Through this work, we’ve discovered a lot about how different founders fulfill their journey of customer discovery and product-market fit. One of the largest challenges for pre-seed and seed stage founders is determining where to start: There are a million things to do. What should you do at each stage?

We interviewed three founders from our portfolio, all of whom ran discovery experiments to find their product-market fit at different stages of their company’s development.

Here’s what they had to share:

Pre-MVP/customer discovery phase: Tiny Organics

Tiny Organics is a plant-based baby and toddler food company on a mission to shape childrens’ palates so they’ll choose and love vegetables from their earliest days. The company raised $11 million in their Series A in 2021 and is growing at over 500% annually.

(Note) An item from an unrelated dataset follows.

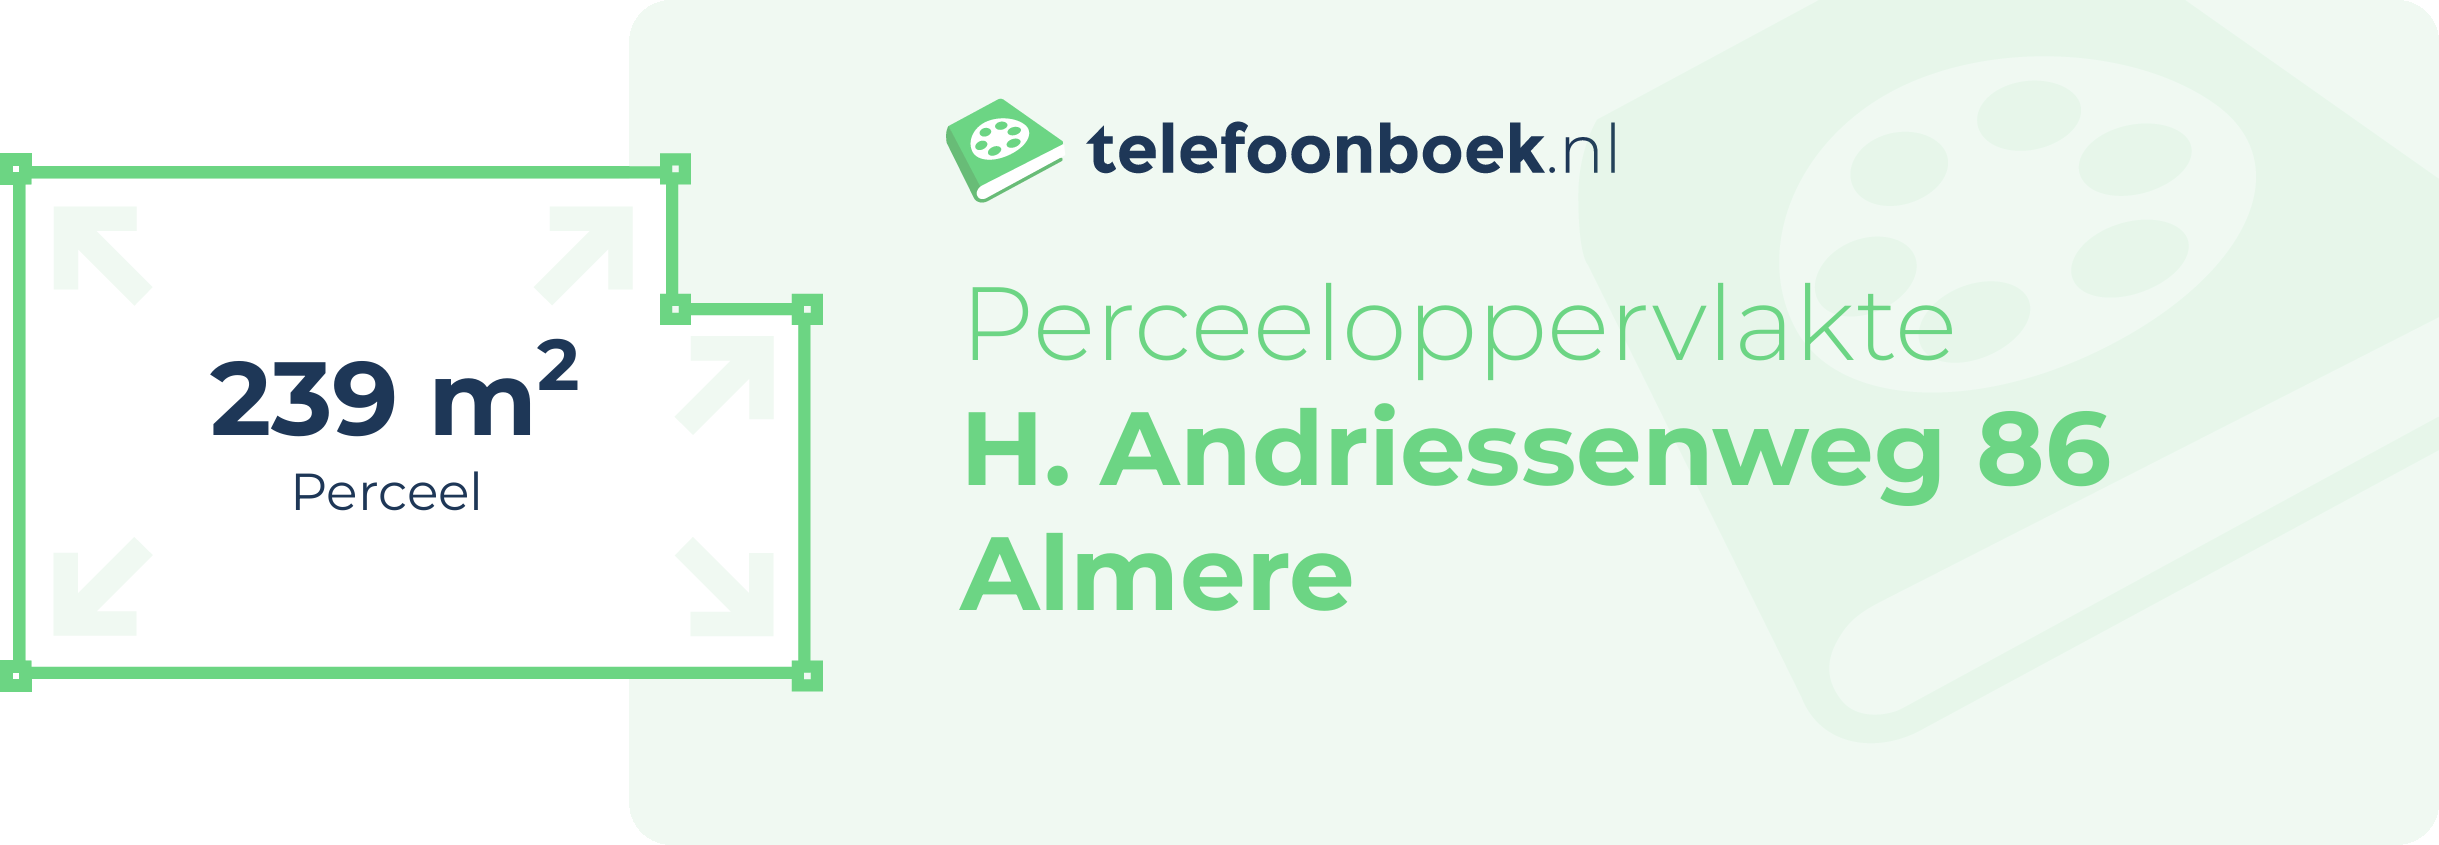 Perceeloppervlakte H. Andriessenweg 86 Almere
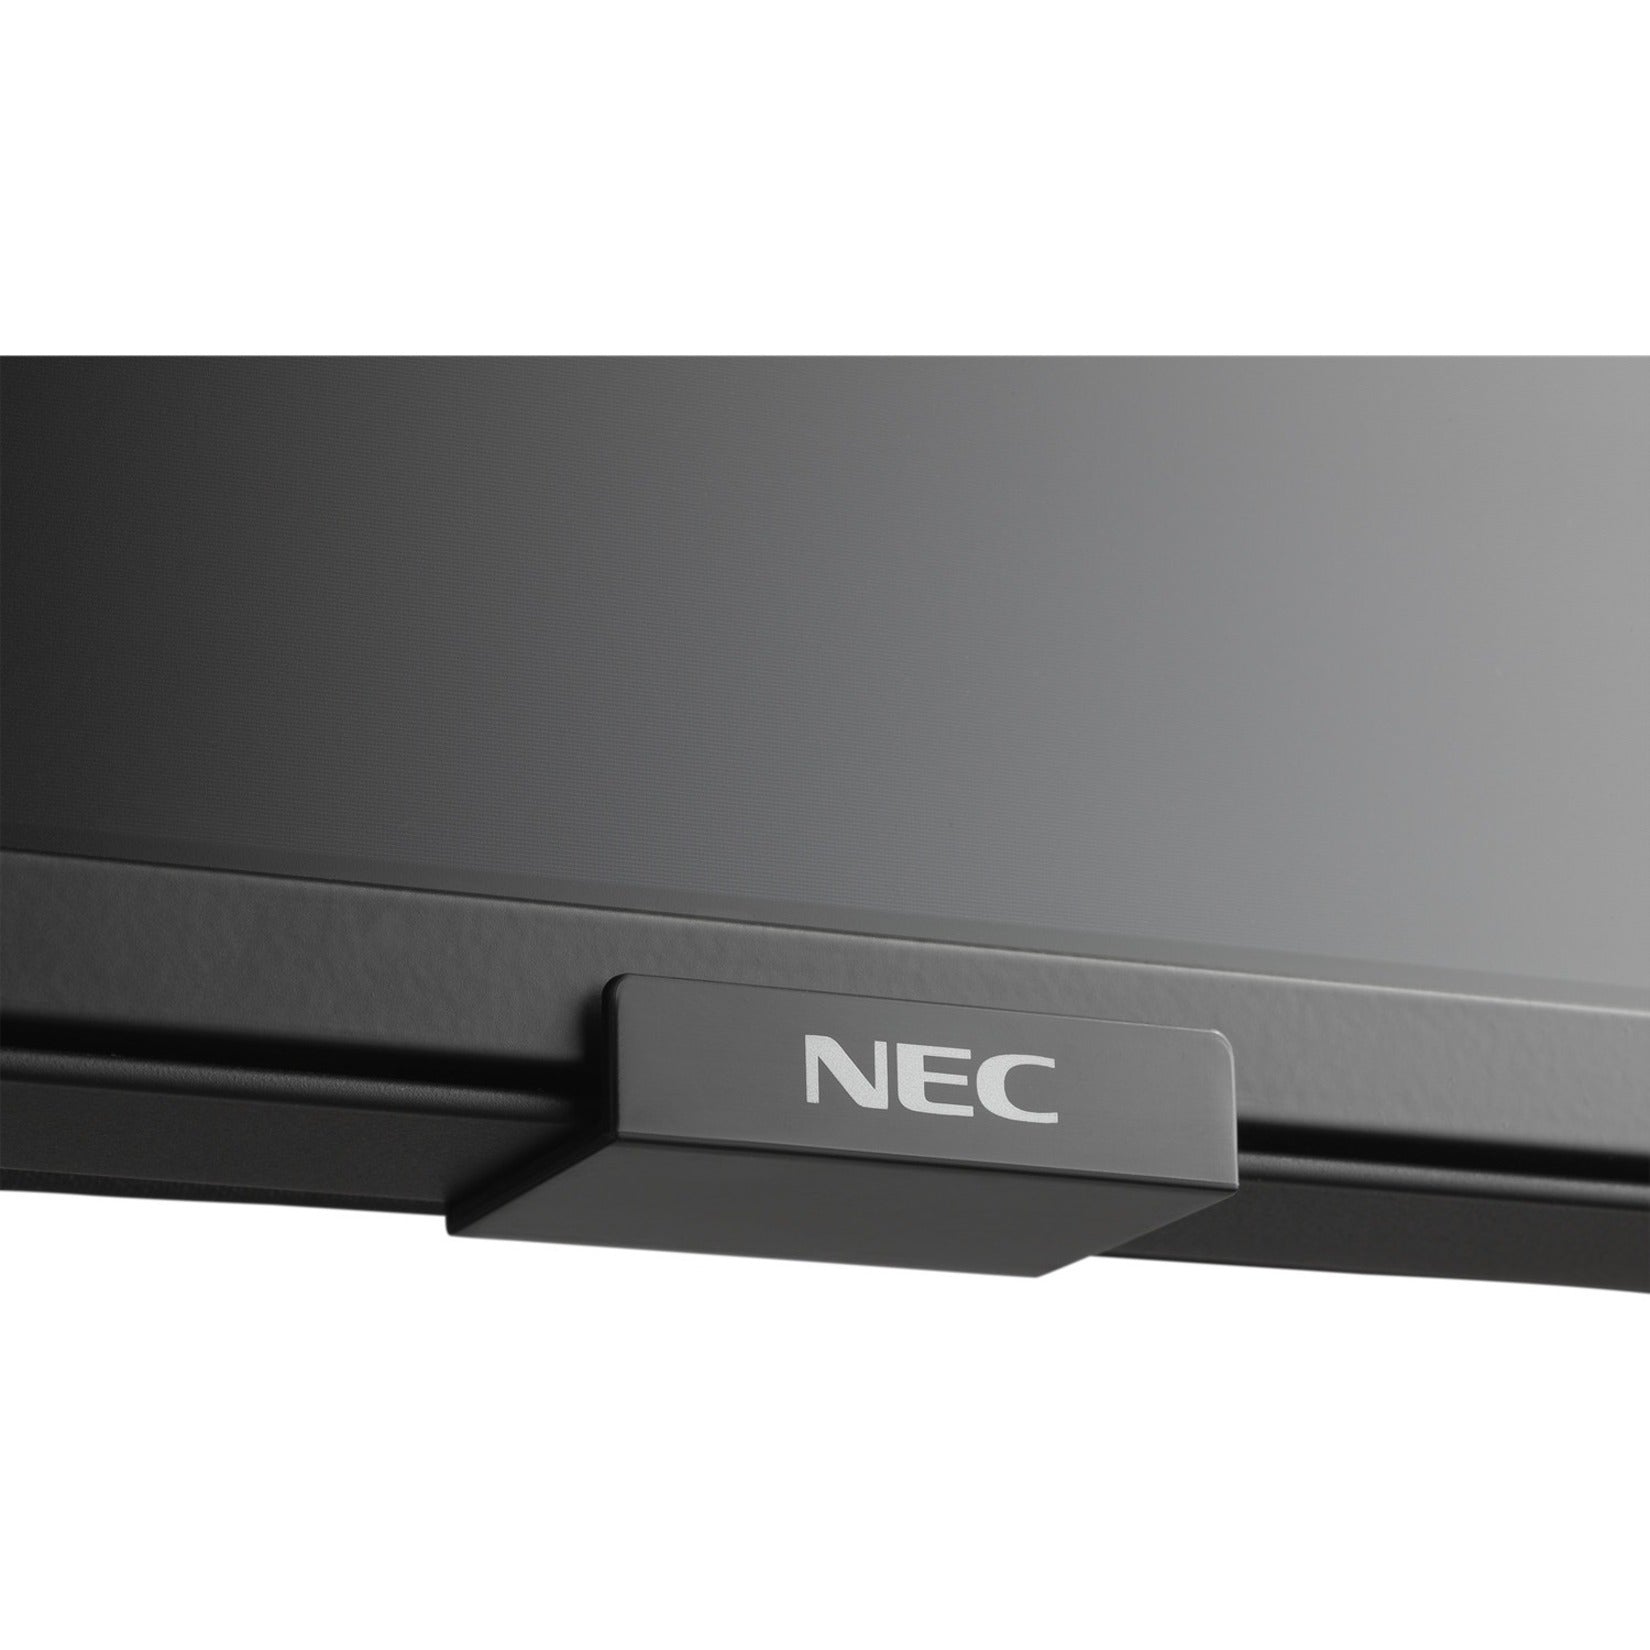 Sharp NEC Display MA551-MPI4E Digital Signage Display/Appliance, 55" 4K HDR Edge LED, 500 Nit, 10-bit Color Depth, 86% DCI Color Gamut

Founders Sofia Laurell and Betsy Fore joined our venture studio as EIRs and went through a six-week discovery sprint. As Sofia explains, they knew they wanted to build something to make parents’ lives easier and threw a lot of initial ideas at the wall from the Finnish baby box 2.0 (Sofia is Finnish) to an easier way to create Instagrammable baby pictures.

They went through multiple exercises to test the viability of new parents’ most pressing and urgent needs:

  • Conduct a “Start with Why” exercise
  • Define the “Jobs to be Done”
  • Create a lean canvas for each (viable) concept
  • Define the user journeys
  • Conduct user surveys using platforms like pollfish.com and 1Q (instant survey tool)
  • Identify and define their customer personas
  • Conduct customer interviews and synthesize them
  • Construct concept prototypes

They also met prospective customers, conducting a focus group of 10-15 moms. When the founders asked them to text them what they were feeding their children along with pictures for a week, they realized the lack of healthy finger foods in the market, thus sparking the idea for Tiny Organics.